> **Supplied data**
☆ ☆ ☆ ☆

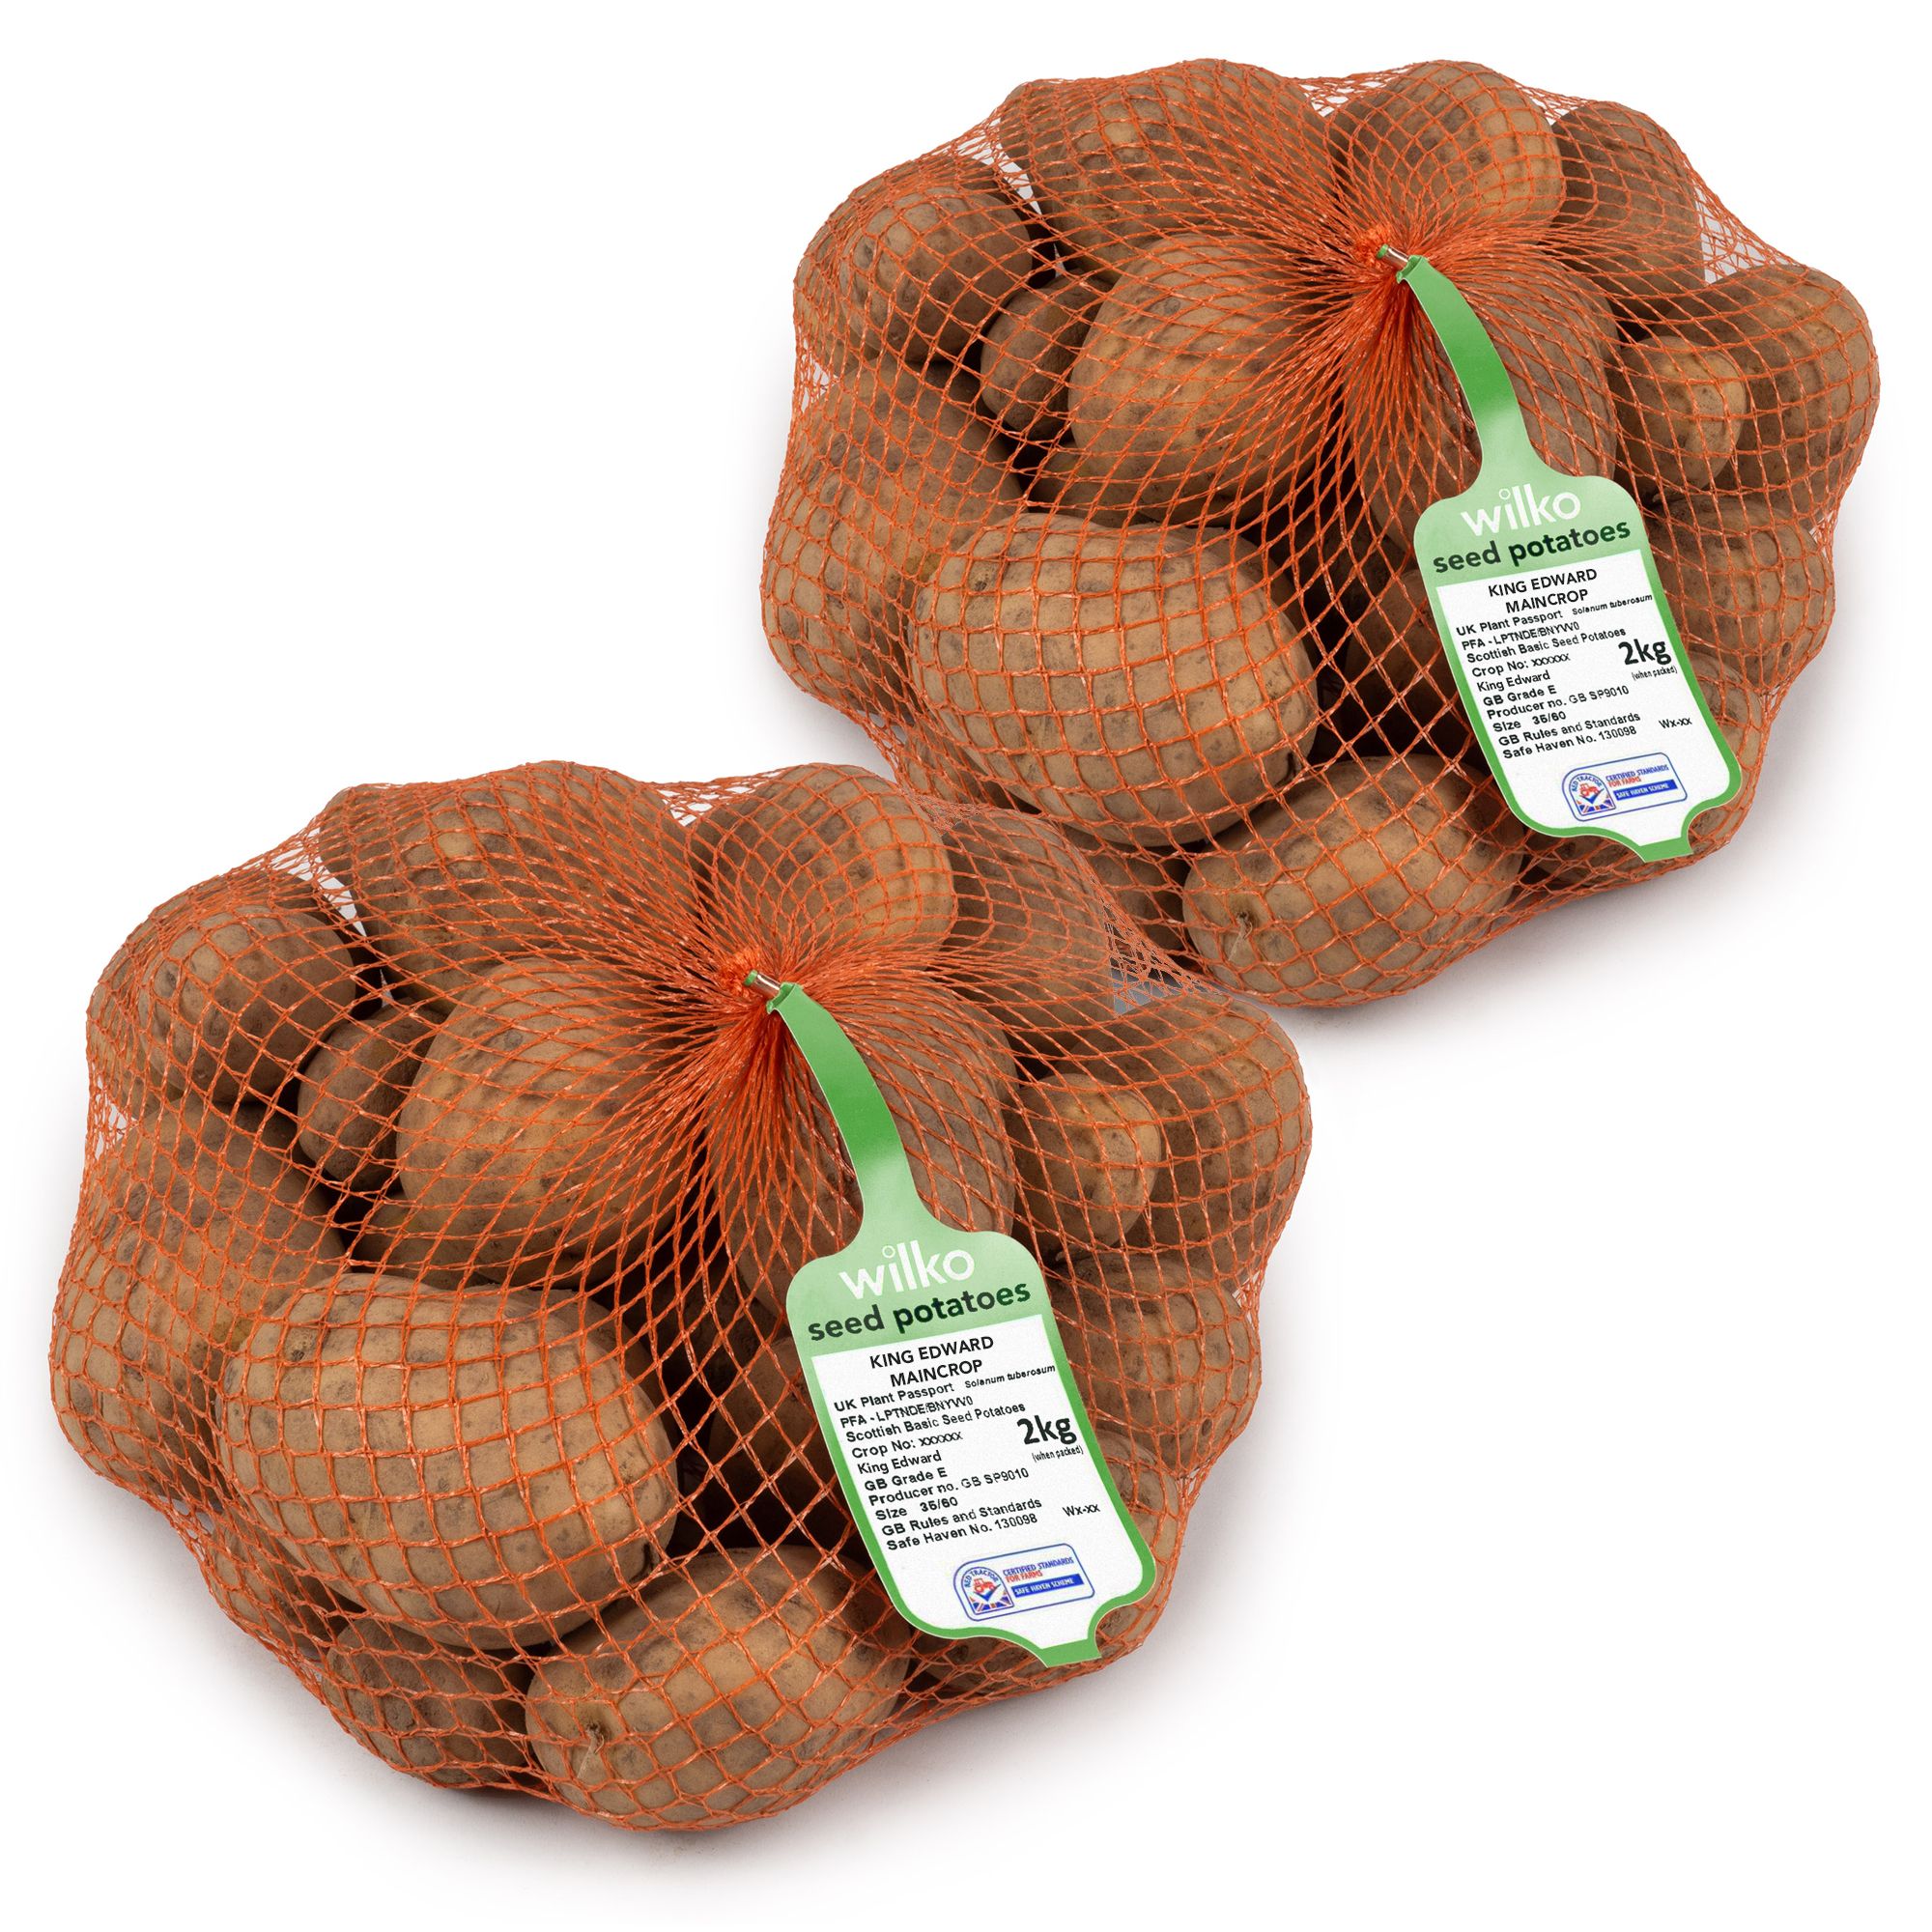 Wilko King Edward Maincrop Seed Potatoes 4kg Image 2
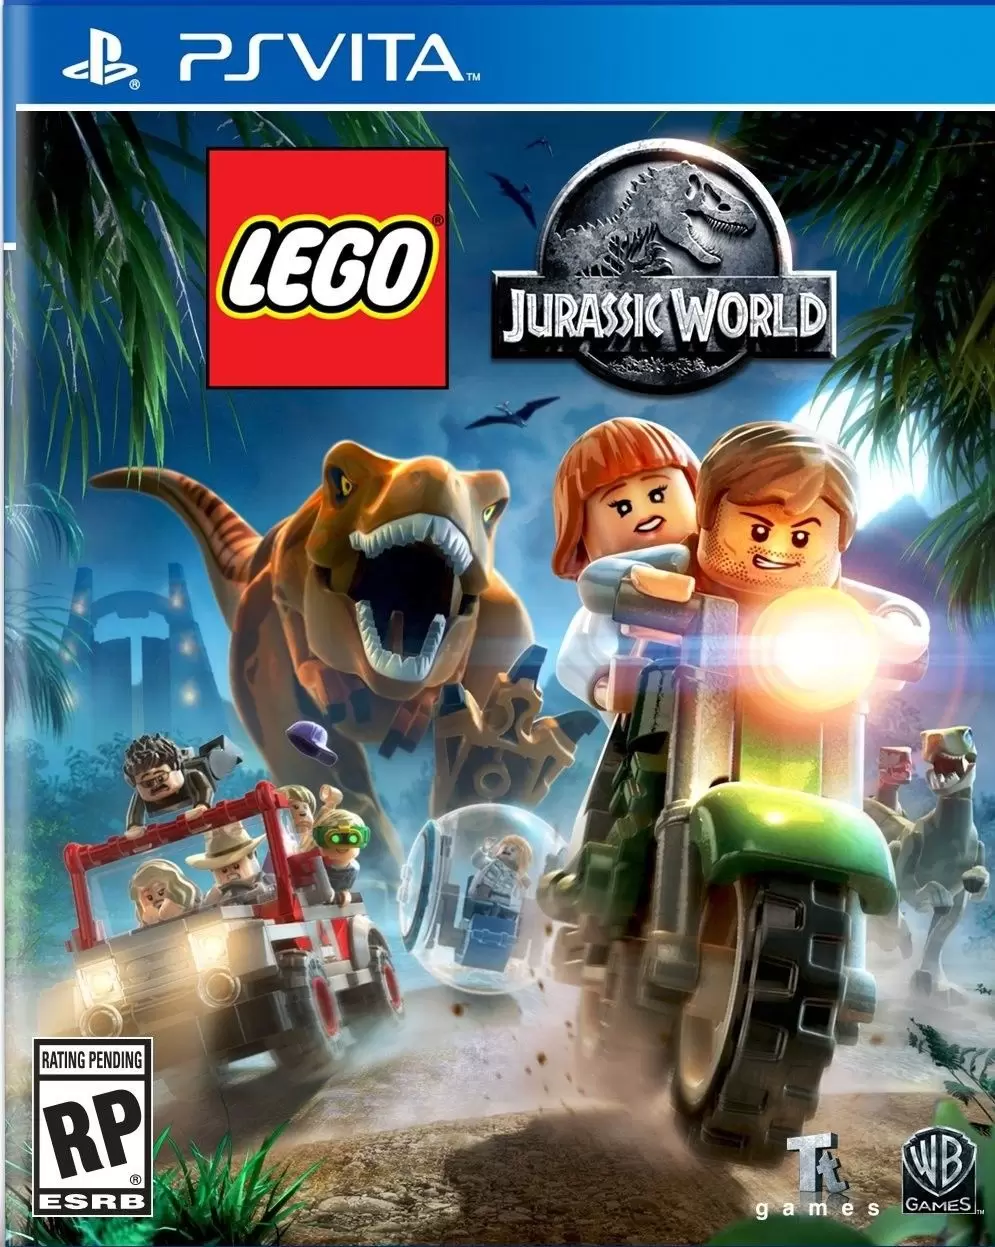 PS Vita Games - LEGO Jurassic World
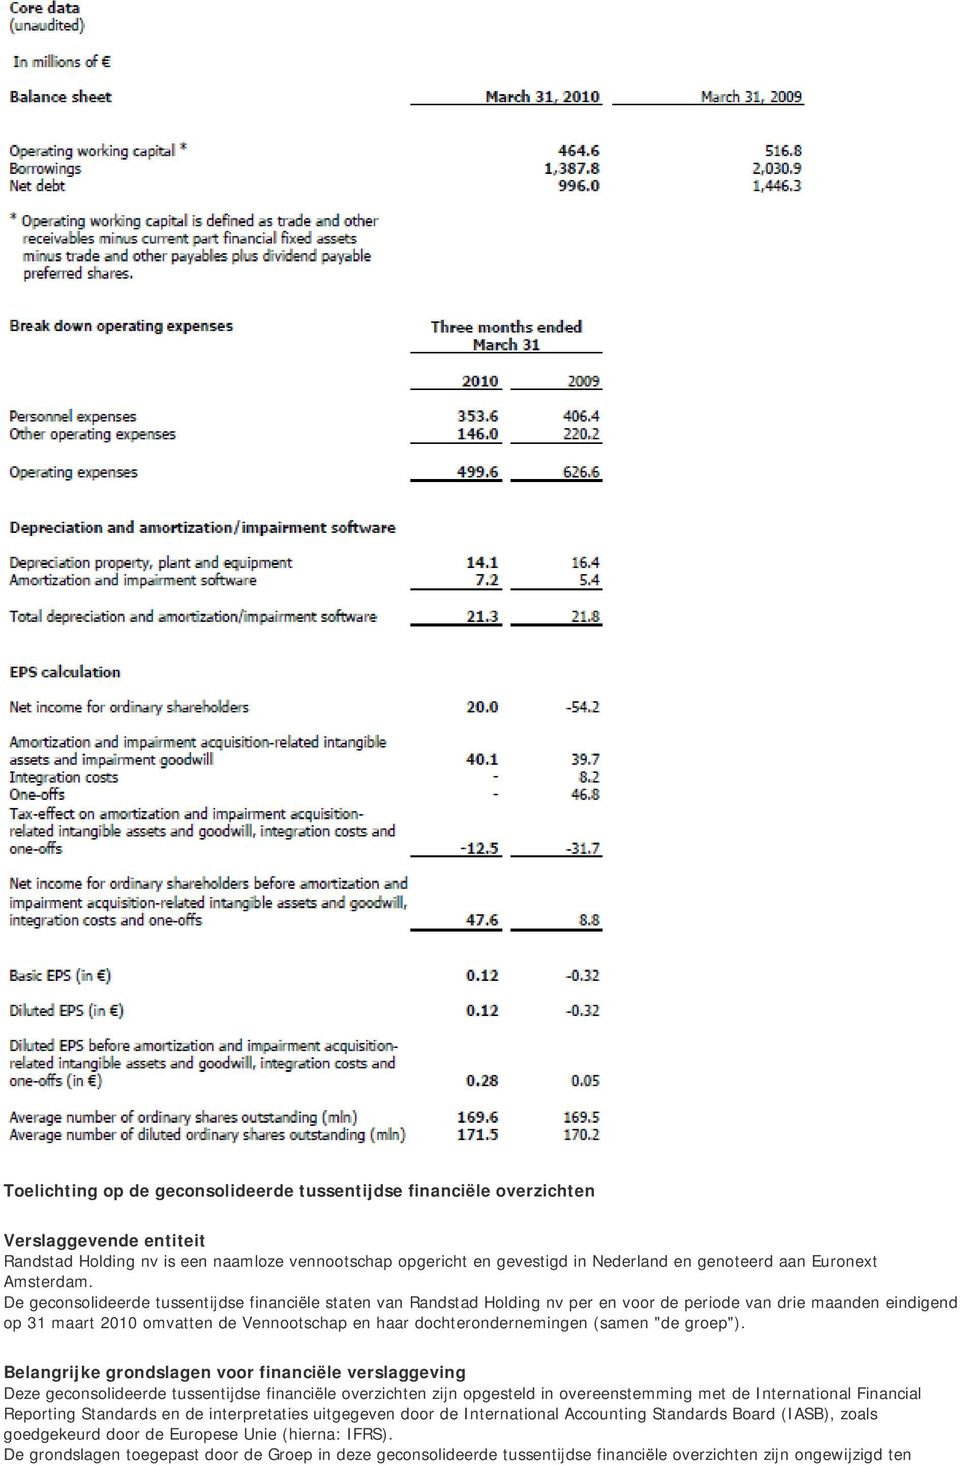 De geconsolideerde tussentijdse financiële staten van Randstad Holding nv per en voor de periode van drie maanden eindigend op 31 maart 2010 omvatten de Vennootschap en haar dochterondernemingen

☆ ☆ ☆ ☆

Reproduce everything above exactly, images excluded.

> **Response to this exercise**
 Wilko King Edward Maincrop Seed Potatoes 4kg Image 2
 PS Vita Games - LEGO Jurassic World
 De geconsolideerde tussentijdse financiële staten van Randstad Holding nv per en voor de periode van drie maanden eindigend op 31 maart 2010 omvatten de Vennootschap en haar dochterondernemingen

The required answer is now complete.